If you want a simple companion tool, our RD calculator is useful for people comparing fixed monthly savings habits, while our FD calculator can help when shorter lock-ins matter more than tax treatment.
PPF vs Other Savings Options
Most people do not choose PPF in isolation. They choose between PPF, EPF, NPS, fixed deposits, recurring deposits, and family-focused schemes like Sukanya Samriddhi. The best option depends on your goal, your time period, your comfort with lock-in, and whether you want fixed or market-linked growth.
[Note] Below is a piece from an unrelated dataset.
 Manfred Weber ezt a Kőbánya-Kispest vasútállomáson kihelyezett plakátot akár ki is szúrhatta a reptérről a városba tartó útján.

| Option | Return Type | Tax Angle | Access To Money | Best Use |
|---|---|---|---|---|
| PPF | Government-notified rate | Section 80C plus tax-free interest and maturity | Long lock-in, partial access later | Low-risk long-term savings |
| EPF | Provident fund rate | Strong retirement tax benefits in many cases | Linked to employment rules | Salary-linked retirement base |
| NPS | Market-linked mix | Extra tax break may apply | Retirement-focused access rules | Long-run retirement growth |
| FD | Fixed deposit rate | Interest is often taxable | Usually easier than PPF | Shorter and simpler goals |
| RD | Fixed recurring deposit rate | Interest is often taxable | Shorter time horizon | Monthly savings habit with simpler exit |
| Sukanya Samriddhi | Government-notified rate | Tax-friendly under current rules | Goal-specific long lock-in | Girl child long-term savings |
PPF may be a better fit when you want low-risk money that is easy to understand and you can live with the lock-in. EPF may already cover part of that need if you are salaried. NPS may suit people who can stay invested for retirement and can handle market-linked returns. FDs and RDs may feel easier if your goal is near and you want less lock-in stress.
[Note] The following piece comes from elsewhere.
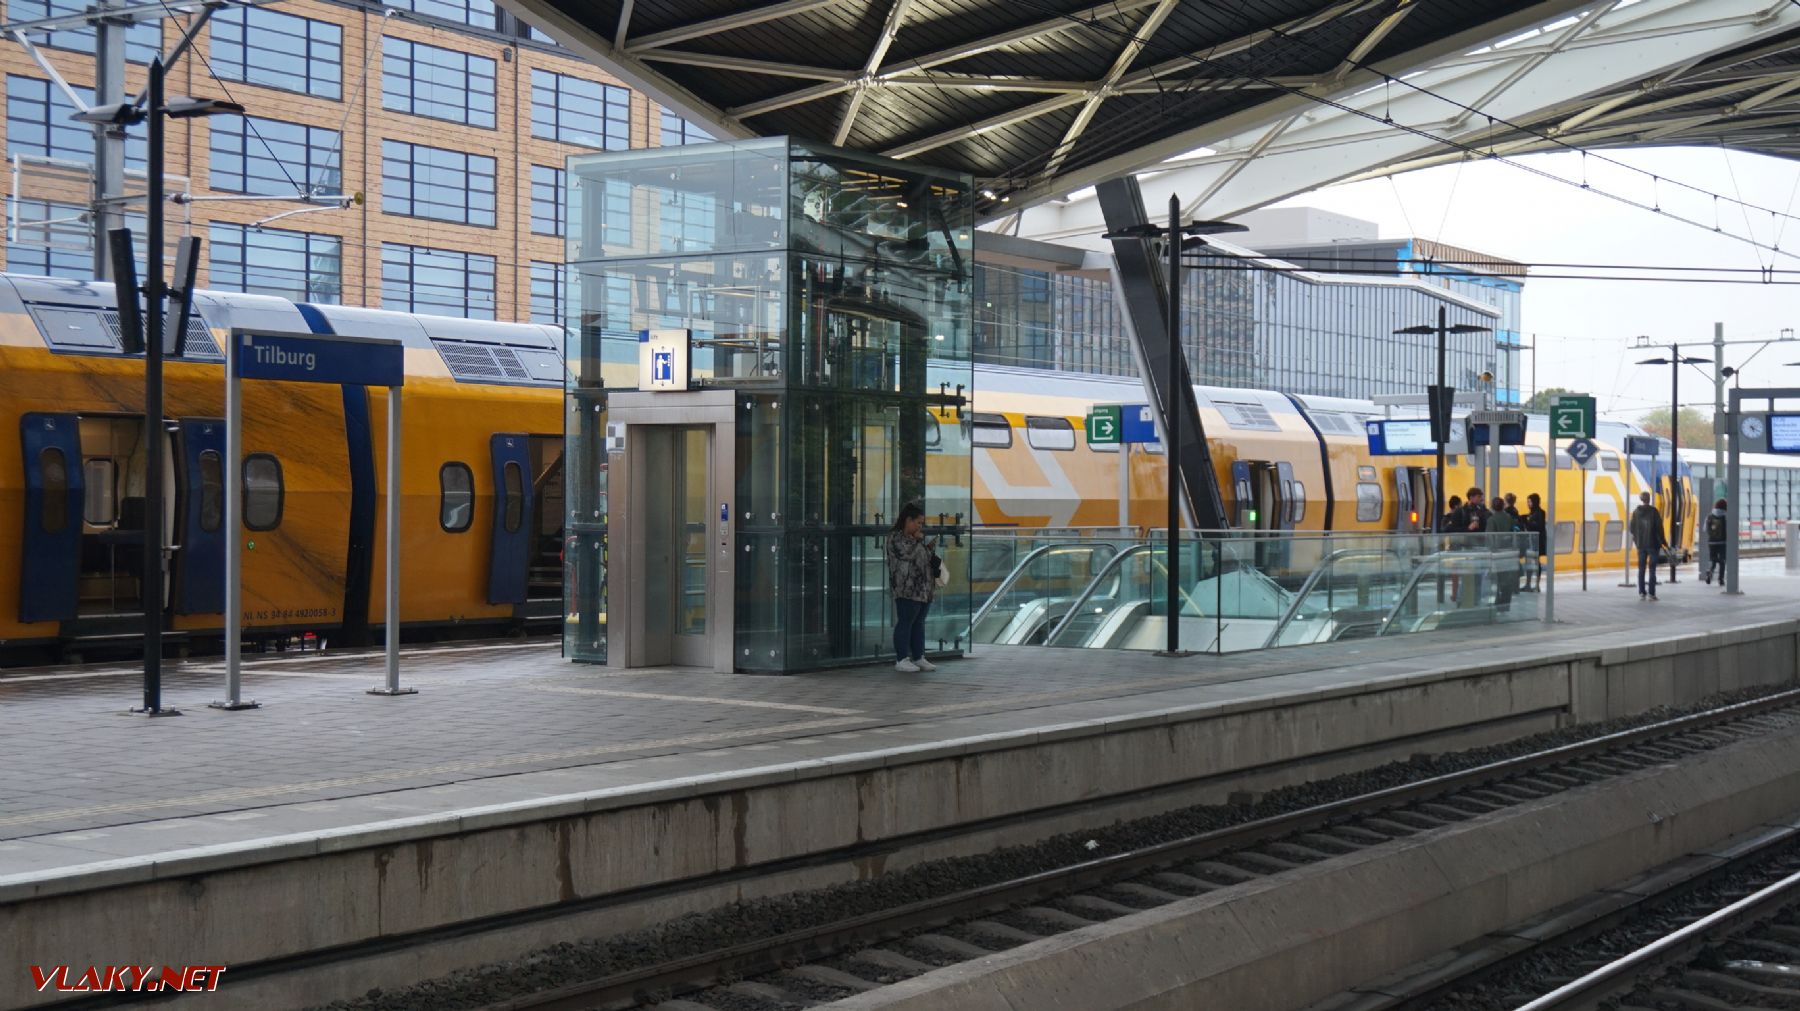 V stanici Tilburg

A practical way to look at it is this: PPF is often the stable bucket, not always the whole plan. A family may use EPF for work-linked retirement savings, PPF for safe long-term money, NPS for extra retirement depth, and Post Office MIS or fixed deposits for a different cash-flow need.
Simple rule for choosing between PPF and FD
If your goal is far away and tax treatment matters, PPF may look stronger. If your goal is close, or you may need the money sooner, a fixed deposit or recurring deposit may feel safer in day-to-day life even if the headline return looks lower.
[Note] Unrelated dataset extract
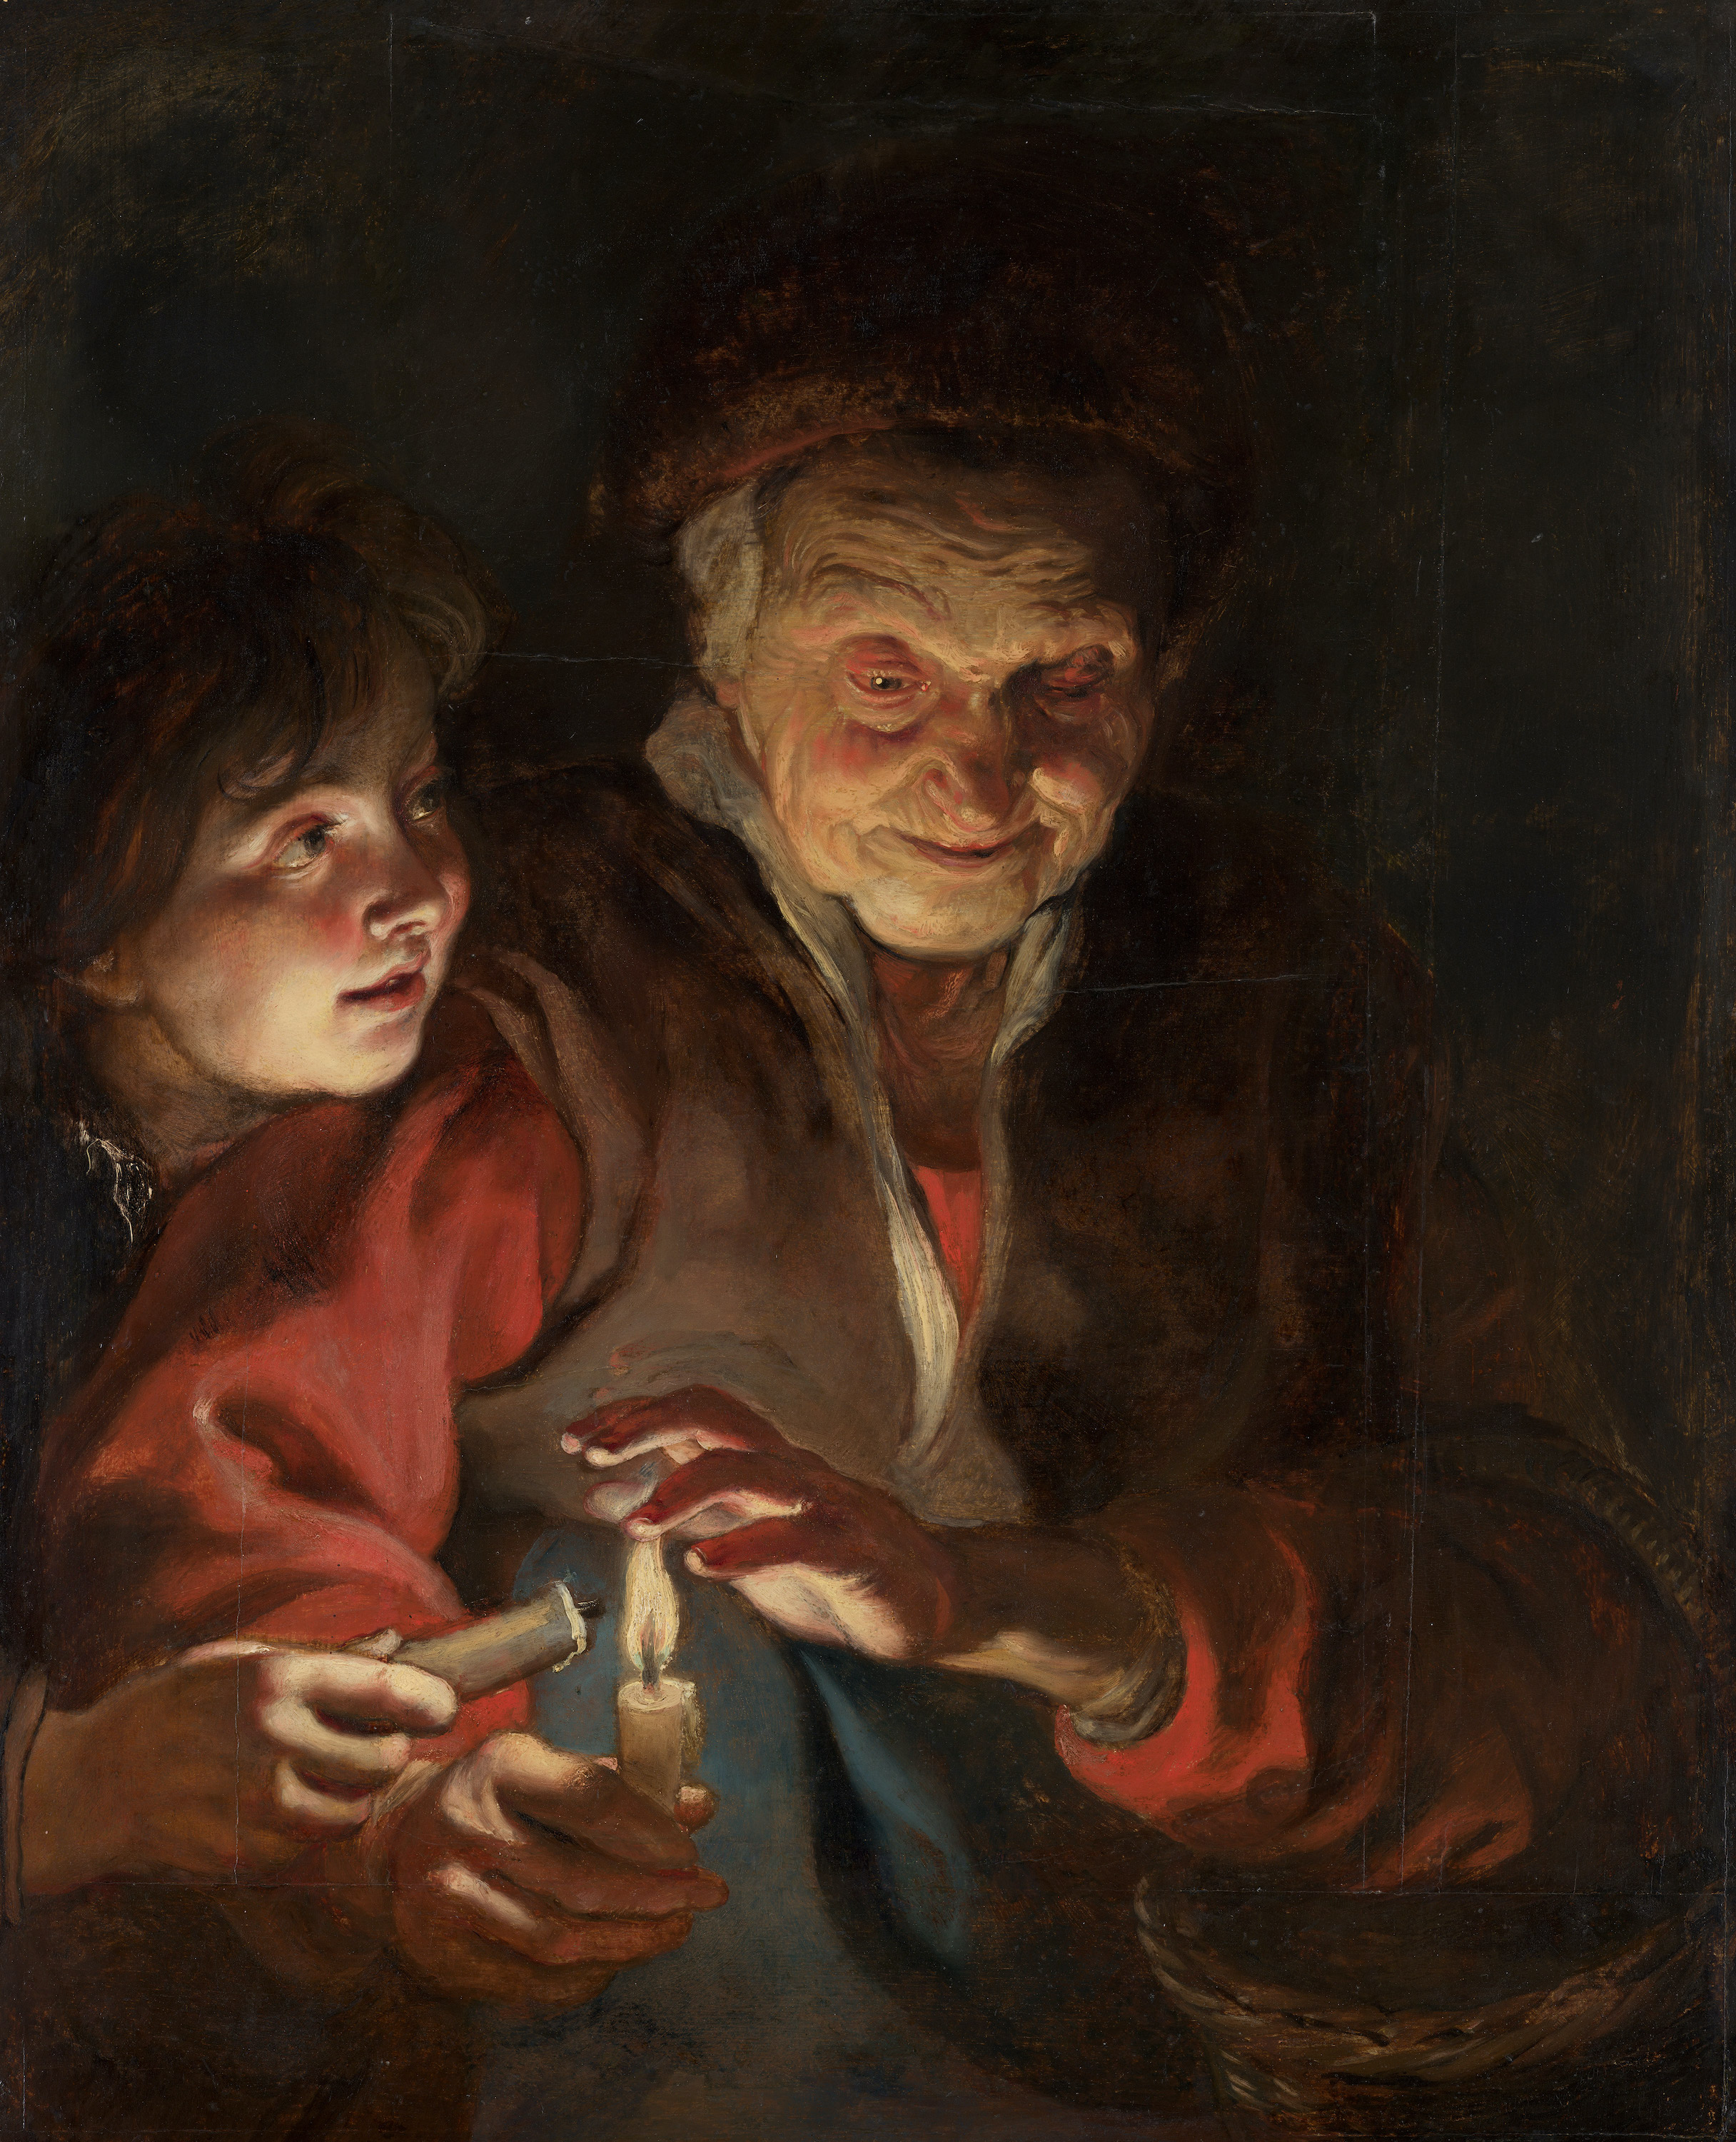 बूढ़ी औरत और लड़का मोमबत्तियों के साथ by Peter Paul Rubens - १६१६ - १६१७ - ७७ x ६२.५ सेमी

If you want to compare long-run growth speed, our compound interest calculator, simple interest calculator, and CAGR calculator can help you understand how steady returns and time work together.
PPF Quick Answer Table
How much will you get in PPF after 15 years? The short answer is that it depends on how much you deposit, when you deposit it, and whether the rate stays the same. At the current sample rate of 7.1%, bigger yearly deposits and longer extension blocks create a very large jump in final value because old interest keeps earning new interest.
| Yearly Deposit | 15-Year Value | 20-Year Value | 30-Year Value |
|---|---|---|---|
| Rs. 50,000 | About Rs. 13,56,070 | About Rs. 22,19,430 | About Rs. 51,50,304 |
| Rs. 60,000 | About Rs. 16,27,284 | About Rs. 26,63,315 | About Rs. 61,80,364 |
| Rs. 1,00,000 | About Rs. 27,12,139 | About Rs. 44,38,859 | About Rs. 1,03,00,607 |
| Rs. 1,20,000 | About Rs. 32,54,567 | About Rs. 53,26,631 | About Rs. 1,23,60,728 |
| Rs. 1,50,000 | About Rs. 40,68,209 | About Rs. 66,58,288 | About Rs. 1,54,50,911 |
These figures are simple examples based on a flat 7.1% rate and regular deposits. Real results may differ if the rate changes in future quarters or if deposits reach the account late. They are still useful because they show the scale of the jump from 15 years to 20 years and then to 30 years.
Recent rate history also shows why you should not assume one number forever. The PPF rate has stayed at 7.1% from April 2020 onward on the official pages we reviewed, but older periods were higher, including 7.9% in 2019-20 and 8.0% in parts of 2018-19. That is one more reason to test both a base case and a more cautious case.
Quick reading tip
If you are only scanning this page for one answer, start with the row closest to your real yearly deposit, then compare the 15-year and 20-year columns. That one move often tells you whether you should stop at maturity or think about a 5-year extension.
PPF and Similar Plans by Country
PPF is an India-only scheme. If you live outside India, or if you are comparing savings products across countries, the fair comparison is not another PPF account. The fair comparison is the closest tax-friendly long-term savings plan in that country. This is useful for NRIs, people moving abroad, or readers comparing how India's PPF sits next to well-known foreign savings accounts.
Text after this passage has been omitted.